= THE PROBLEM =
The data below is to be written out exactly, with no pictures.

= DATASET SECTION =
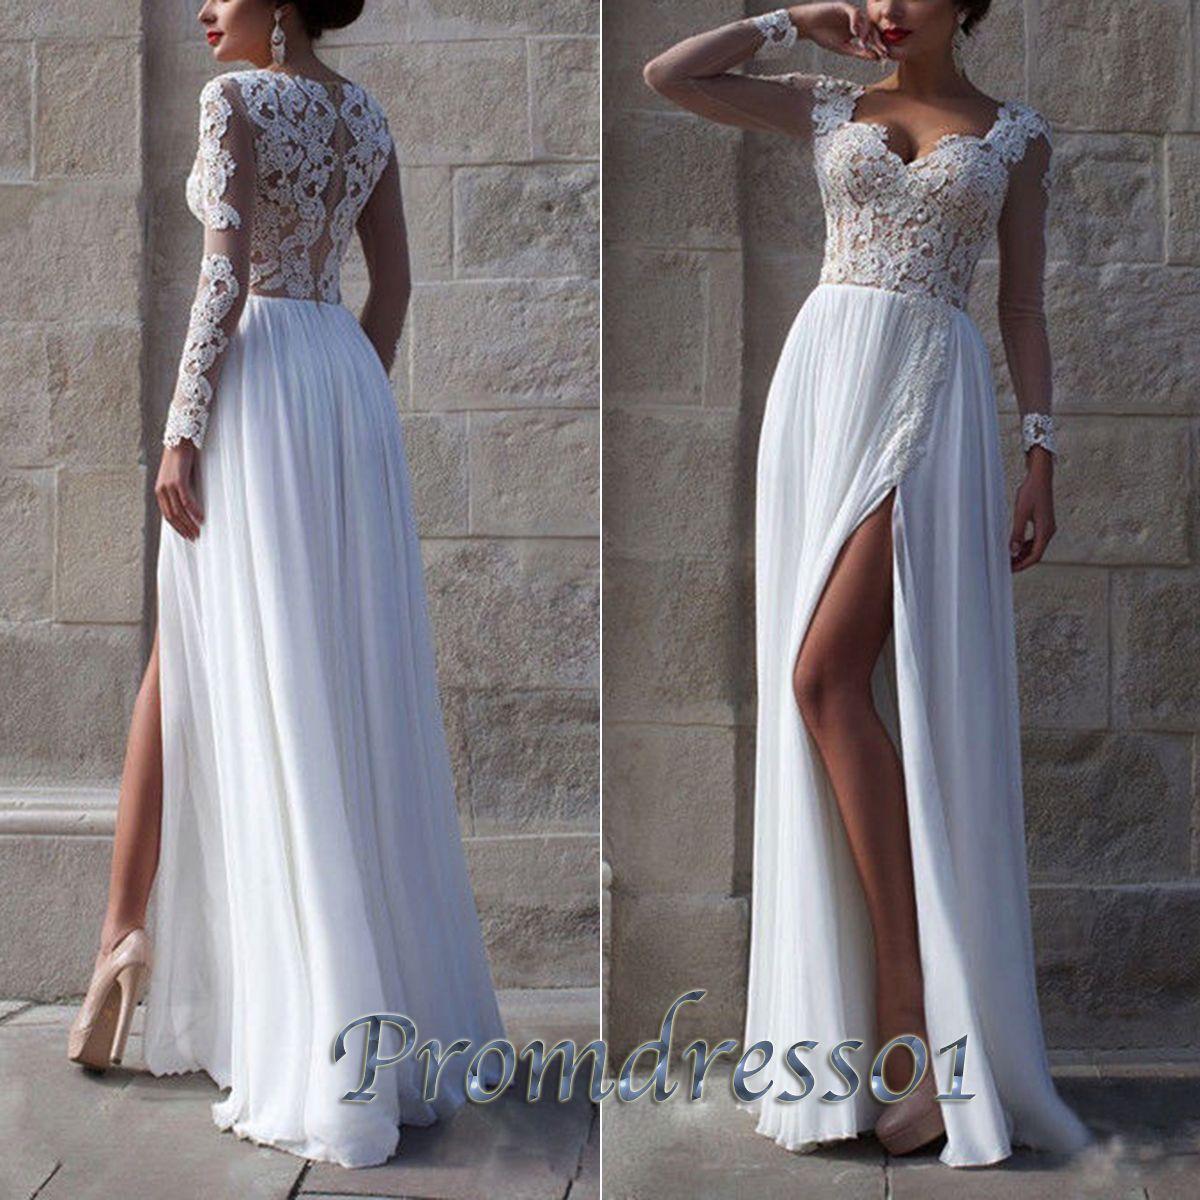 Sexy white chiffon left slit long senior prom dress elegant ball
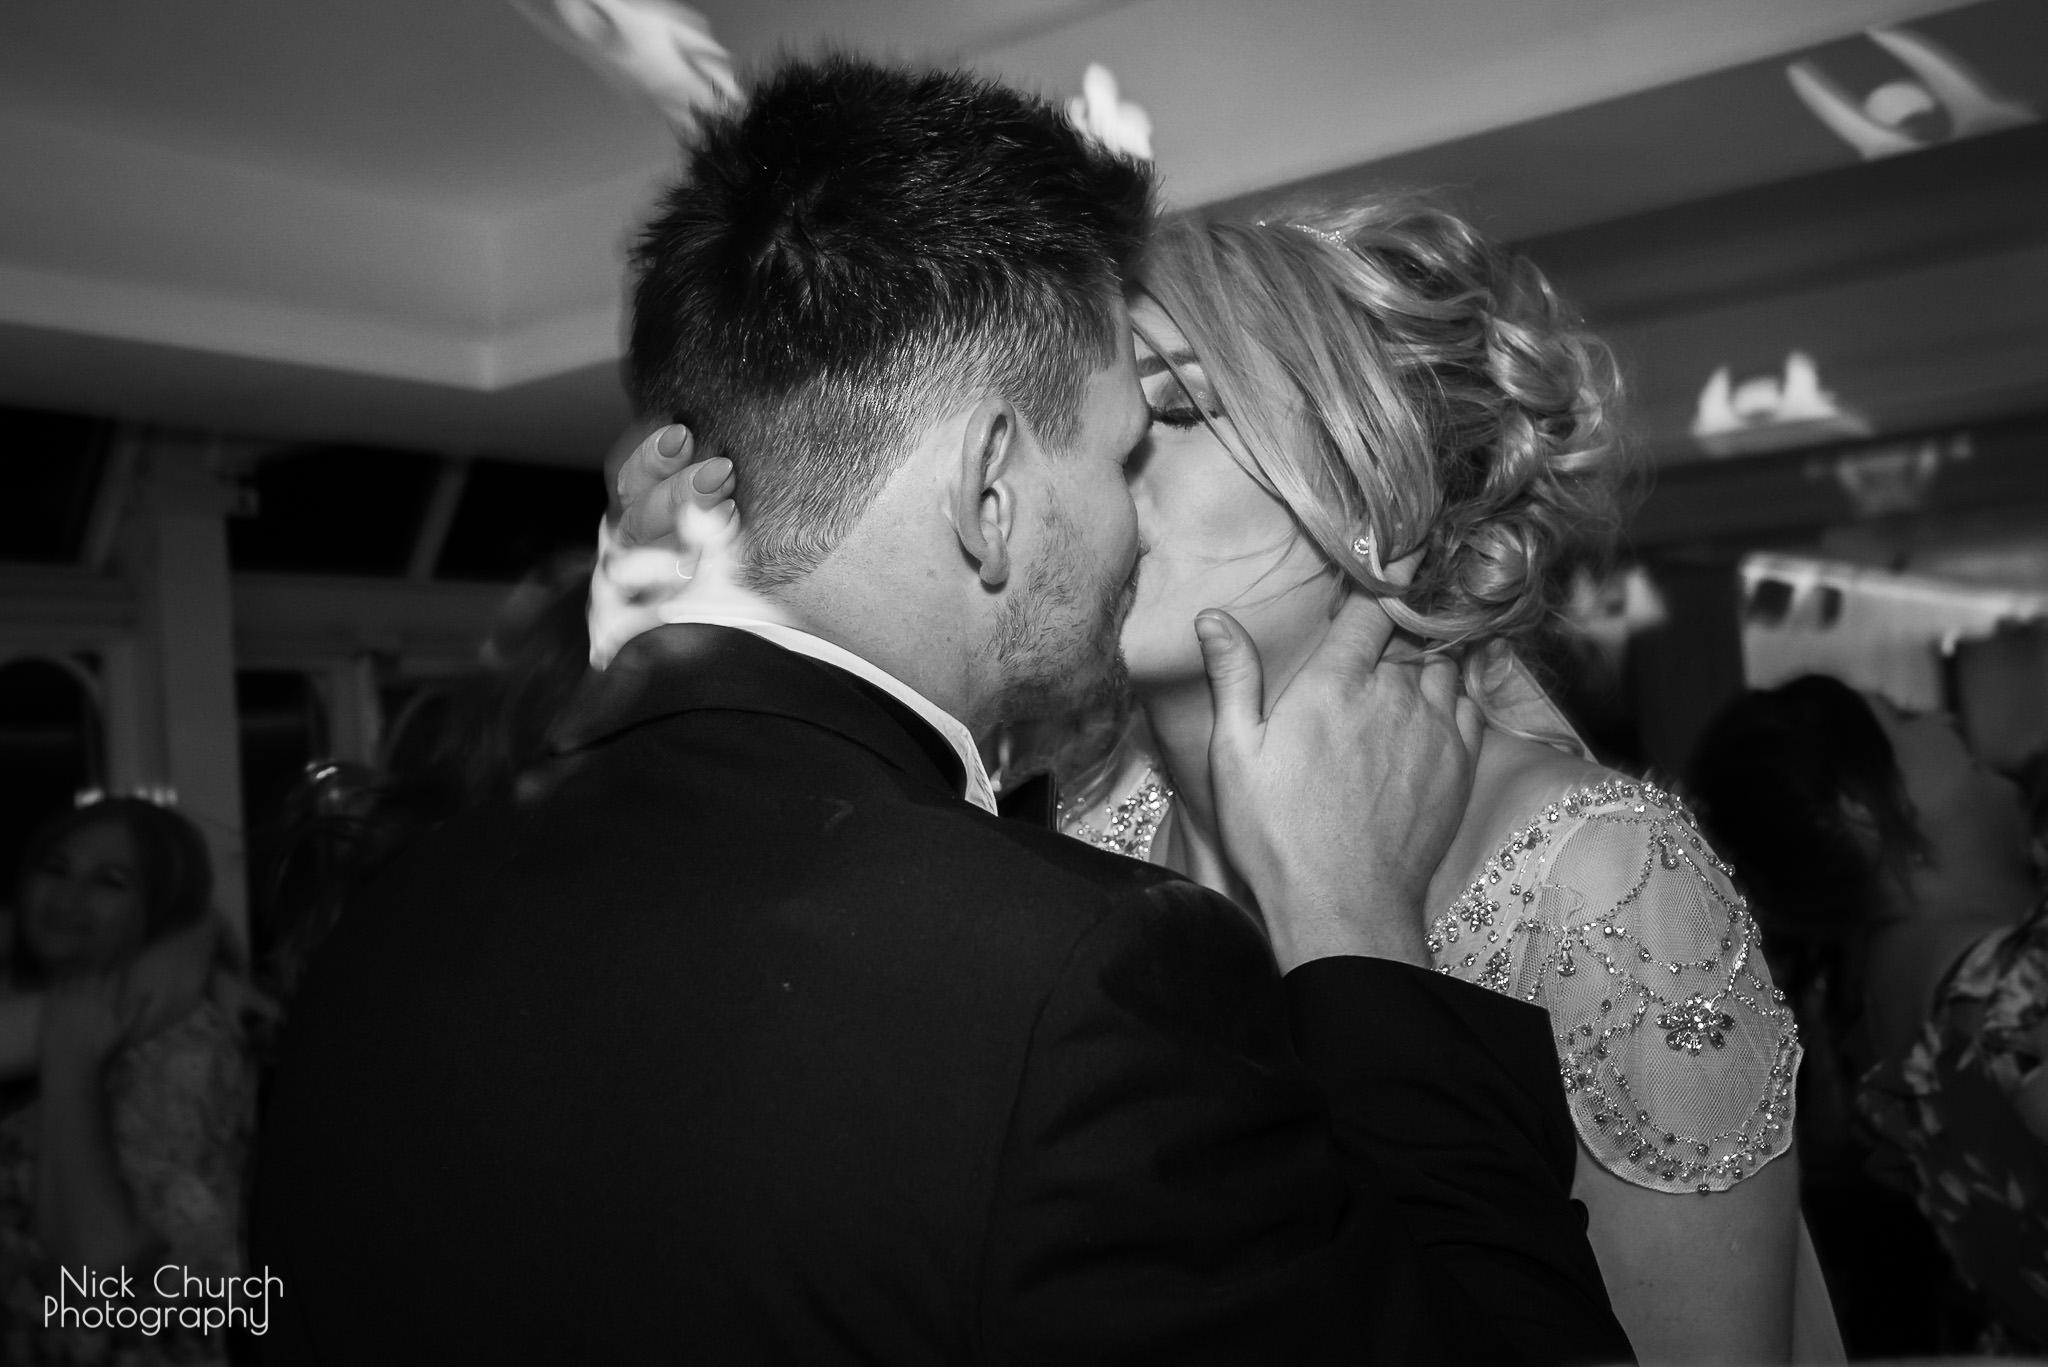 NC-20180317-stacy-and-mike-wedding-2466.jpg
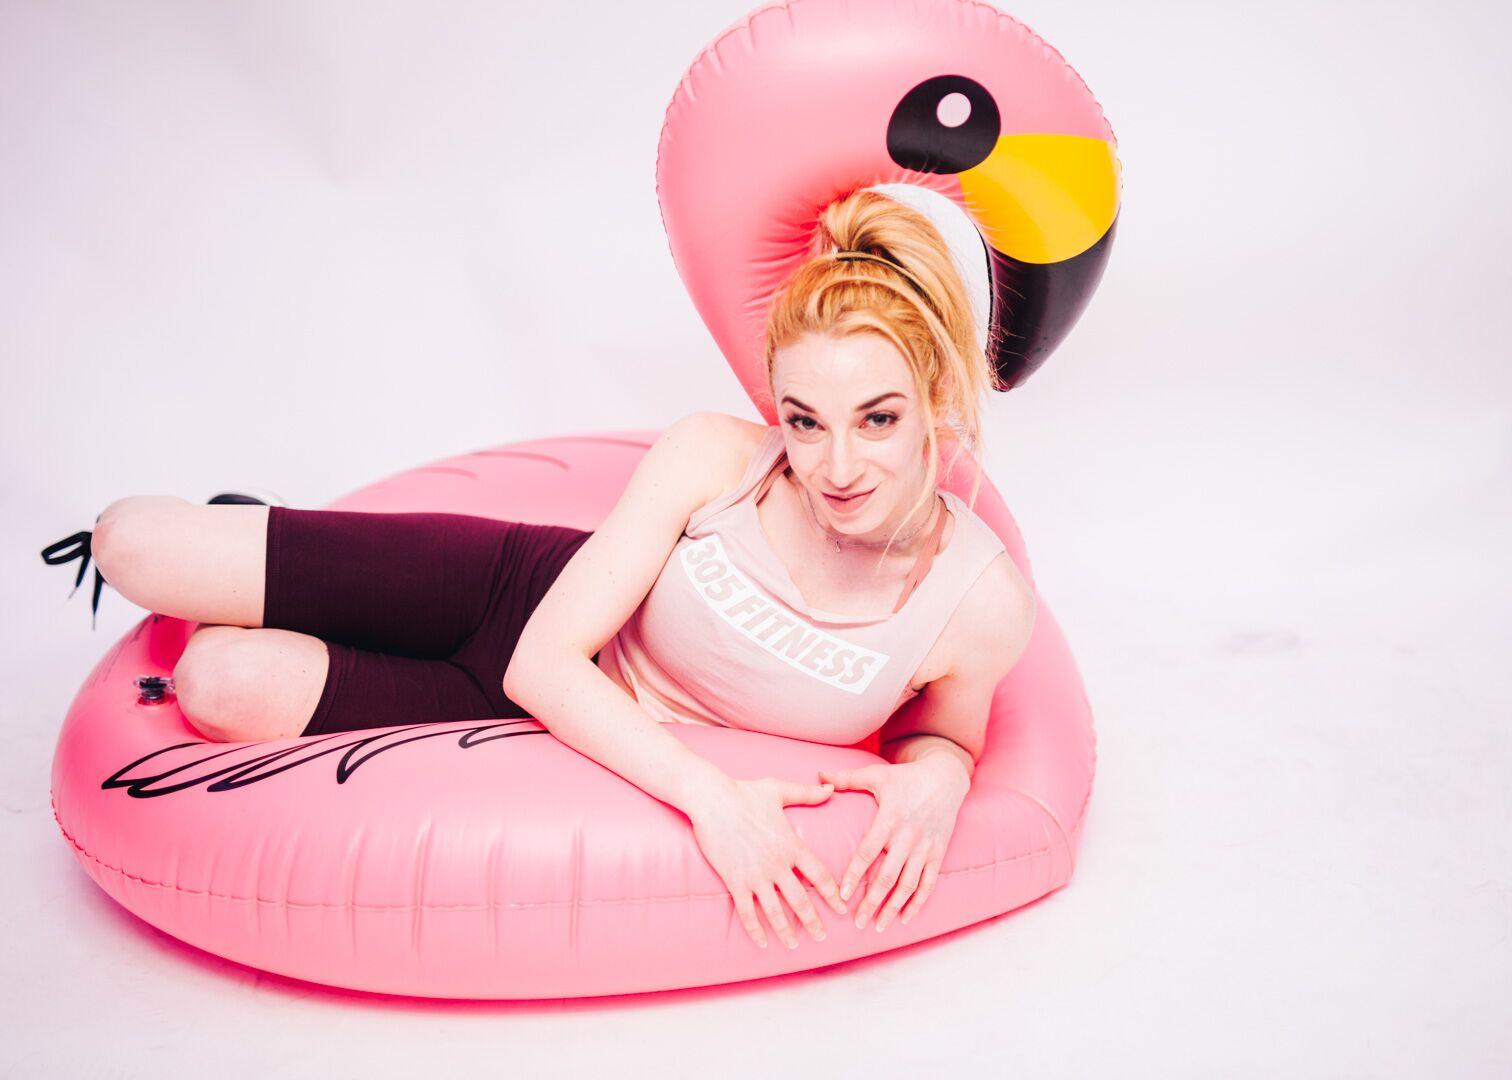 Photo of Bex With Flamingo Float Dance Cardio Live Dj.jpg

= RESULT FOR THIS TASK =
 Sexy white chiffon left slit long senior prom dress elegant ball
 NC-20180317-stacy-and-mike-wedding-2466.jpg
 Photo of Bex With Flamingo Float Dance Cardio Live Dj.jpg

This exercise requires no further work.